In Summary

• Breivik is also asking the court to lift restrictions on his correspondence with the outside world.

• The 44-year-old currently spends his time in a dedicated section of Ringerike prison – located on the shores of the lake that surrounds the island of Utoeya, where he shot dead 69 people.

A neo-Nazi who killed 77 people in Norway in 2011 is suing the country in a bid to end his years in isolation.

Anders Breivik, who killed eight people with a car bomb in Oslo and shot dead 69 people at a summer youth camp, says his conditions breach his human rights.

Norway’s justice ministry says he must be kept separate from the prison population over security concerns.

Breivik’s lawyers told a court on Monday the 44-year-old no longer wishes to live.

“He has been isolated for about 12 years… He lives in a completely locked world,” his lawyer, Oeystein Storrvik, told a court hearing on Monday.

“He does not wish to be alive anymore,” he added.

Breivik is also asking the court to lift restrictions on his correspondence with the outside world.

Breivik was sentenced to 21 years – the maximum penalty a court in Norway can impose, though it can be extended for as long as he is deemed a threat – for carrying out the attacks on 22 July 2011.

He has challenged the terms of his sentence before, winning part of his human rights case against the Norwegian state in 2016 before it was overturned the following year.

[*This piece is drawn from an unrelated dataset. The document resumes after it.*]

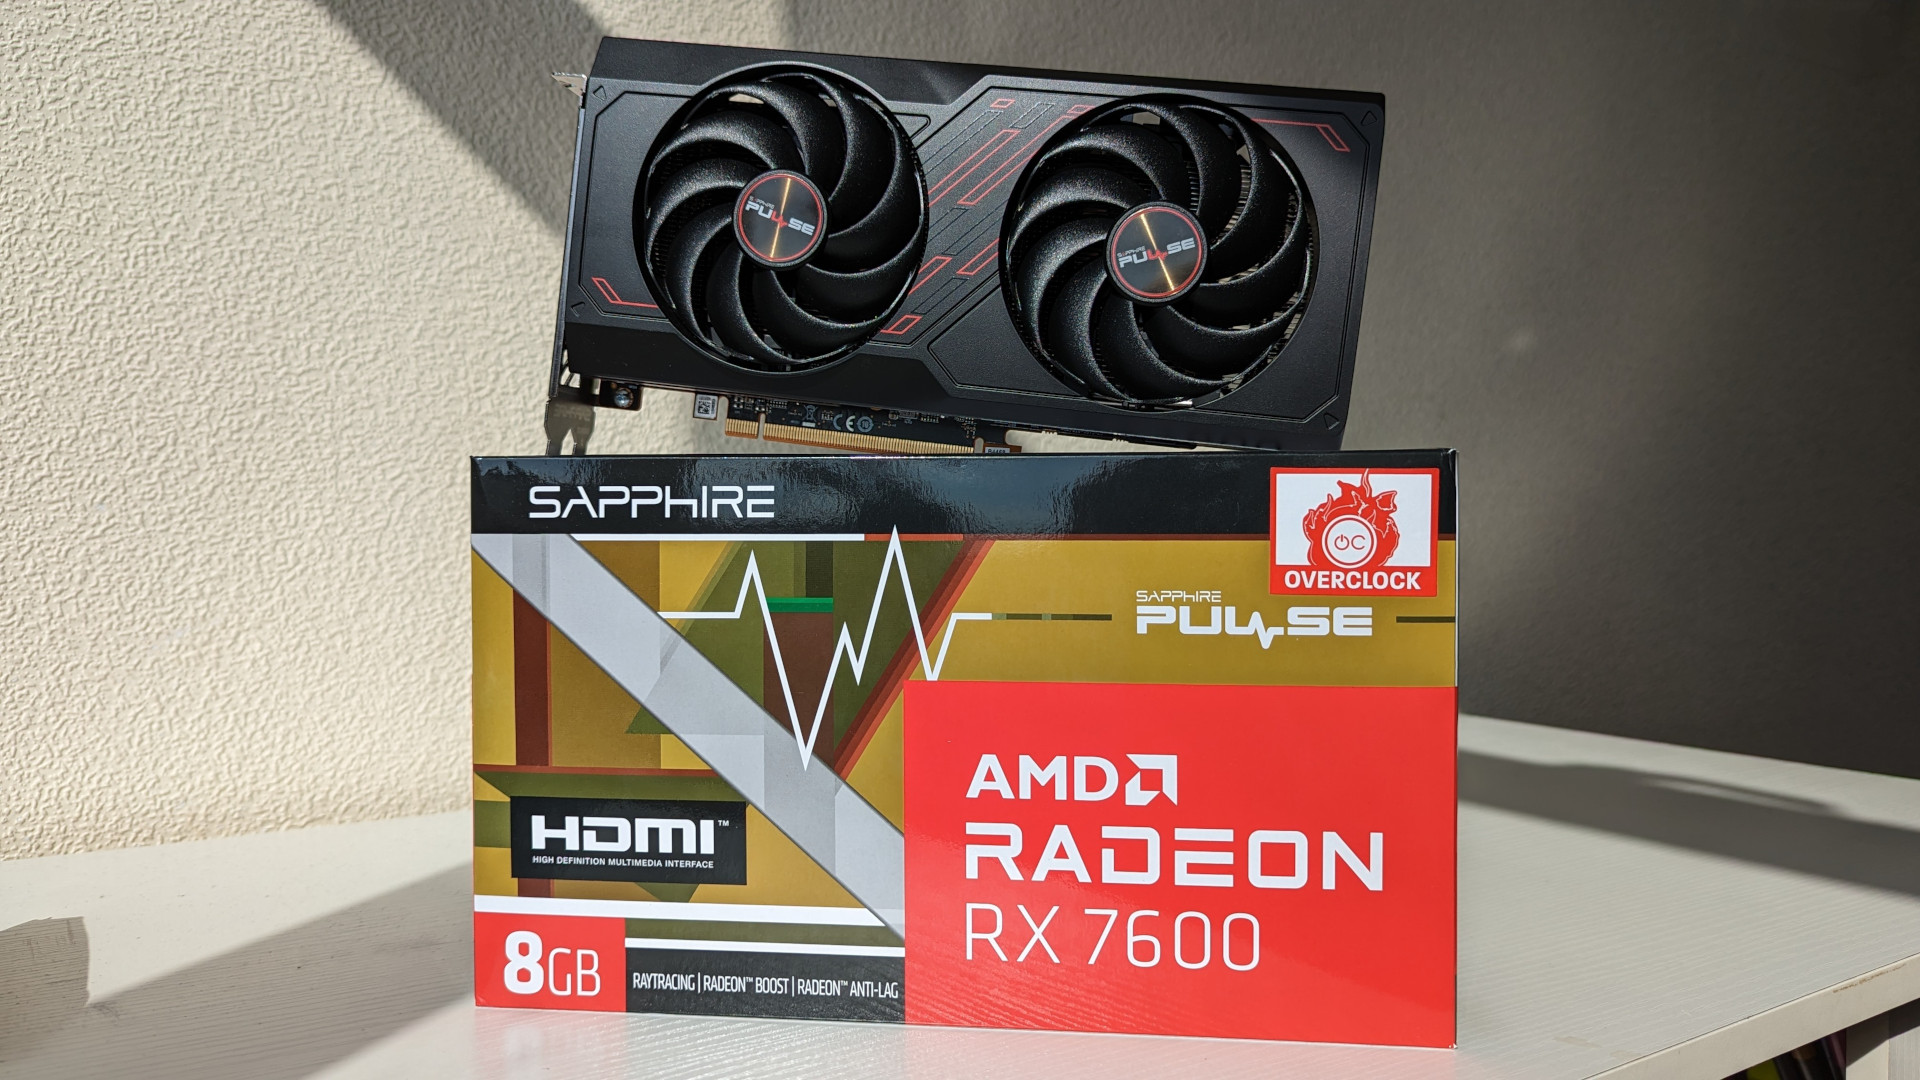 Examen AMD Radeon RX 7600 : la carte graphique se trouve au sommet de son emballage de vente au détail

The 44-year-old currently spends his time in a dedicated section of Ringerike prison – located on the shores of the lake that surrounds the island of Utoeya, where he shot dead 69 people.

Many of those killed on Utoeya were teenagers involved with the Norwegian Labour Party’s youth wing, the AUF. The attacks remain Norway’s worst peacetime atrocity

At the prison, Breivik has access to a training room, kitchen, TV room and a bathroom, which pictures from a visit last month by Norwegian news agency NTB showed.

Lawyers for the justice ministry argue Breivik enjoys “a wide range of activities” such as cooking, games, walks, basketball and studies.

They also say his isolation is “relative” as he has contact with guards, a priest, health professionals and, until recently, a volunteer who Breivik no longer wishes to see.

He also sees two inmates for an hour every other week, the lawyers said.

“An extraordinarily dangerous inmate requires extraordinary measures,” Andreas Hjetland told the court on Monday.

“He is still proud of what he has done. He still holds the same ideological views,” Hjetland said.

The judge will deliver a verdict in the coming weeks. There is no jury.

Ingrid Kragh Swang, whose eldest son survived the attack on Utoeya, told Norweigan broadcaster NRK she was “sick and tired of this being brought up again and again”.

“It wears us down and tears something up in us,” she added.

Breivik unsuccessfully applied for parole in 2022, with the court ruling he had not changed and remained a risk to society.